Crypto is still in its beginning phases of being made to become a currency, although rare, some stores and countries are starting to use crypto as a method of payment since it doesn’t require conversion either, just buy and pay without ever having to convert back and forth between your nation’s currency and a different nation’s currency.
Chris Arnold teaches Principles of Computing, had better things to say about cryptocurrency,
“Cryptocurrencies are based on blockchain technology. They are trendy, and people seem to like the idea of making money on cryptocurrencies. That’s probably why it’s popular,” said Arnold
This may prove important since this explains the main reason for why crypto currencies are becoming very popular among people especially the younger generation of students, and adults.
But that is another thing is that popularity is the driving force of crypto with out that driving force crypto may not be as big as it is now, plus with popularity a crypto coin called “Dogecoin” came out and was brought up pretty quickly since it likely came out during Covid year (2020), and Youtube was heavily used.
“Cryptocurrencies are risky, especially if they lose value. It’s an investment just like any type of object or currency that has value. Another disadvantage of cryptocurrencies is that it relies on blockchain technology and uses a lot of energy resources, like electricity.

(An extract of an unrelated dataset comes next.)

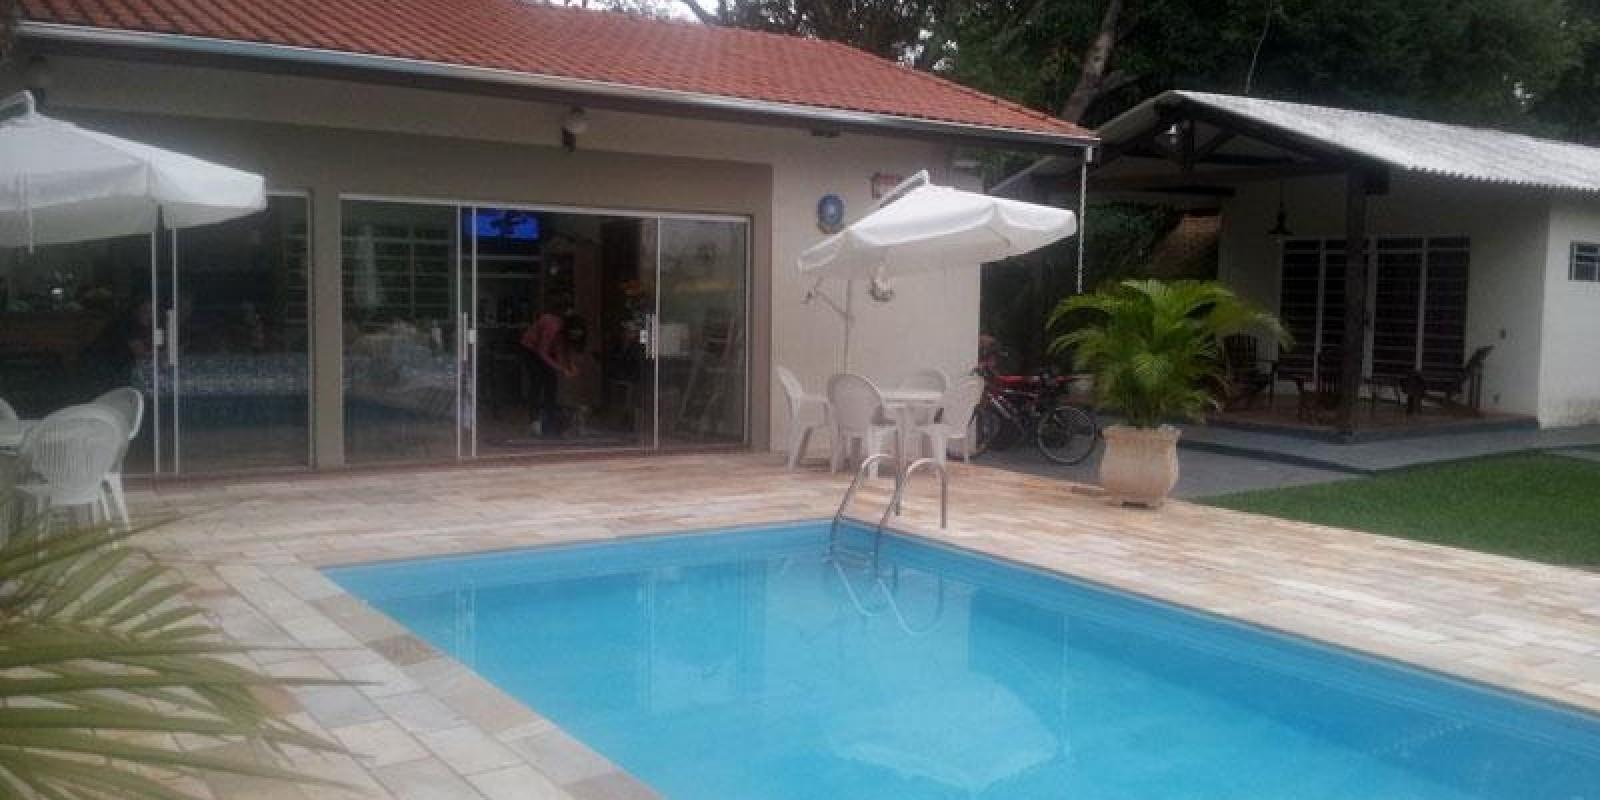 Casa na Represa Costa Azul em Avaré SP - Foto 10 de 20

This type of technology is getting better, but still uses a lot of energy and can be bad for the environment,” said Arnold
Crypto may be risky so it may be only be worth buying when it is very stable or has flattened and may go up. Either way crypto has many risks including getting scammed out of a product and not getting a refund or simply losing all the value in the crypto you bought.
Brooks provided a good perspective on cryptocurrency from his perspective. This so far shows that cryptocurrency may still be worth investing in but it may not become a currency or an official payment method until a few years later when it is better developed and has a bigger background to back it being a good method to both buy and transfer funds with.
Arnold who stated similar things, though crypto may be risky as said before, may not develop into a type of currency that can be used widely until later in the future when people start better accepting it.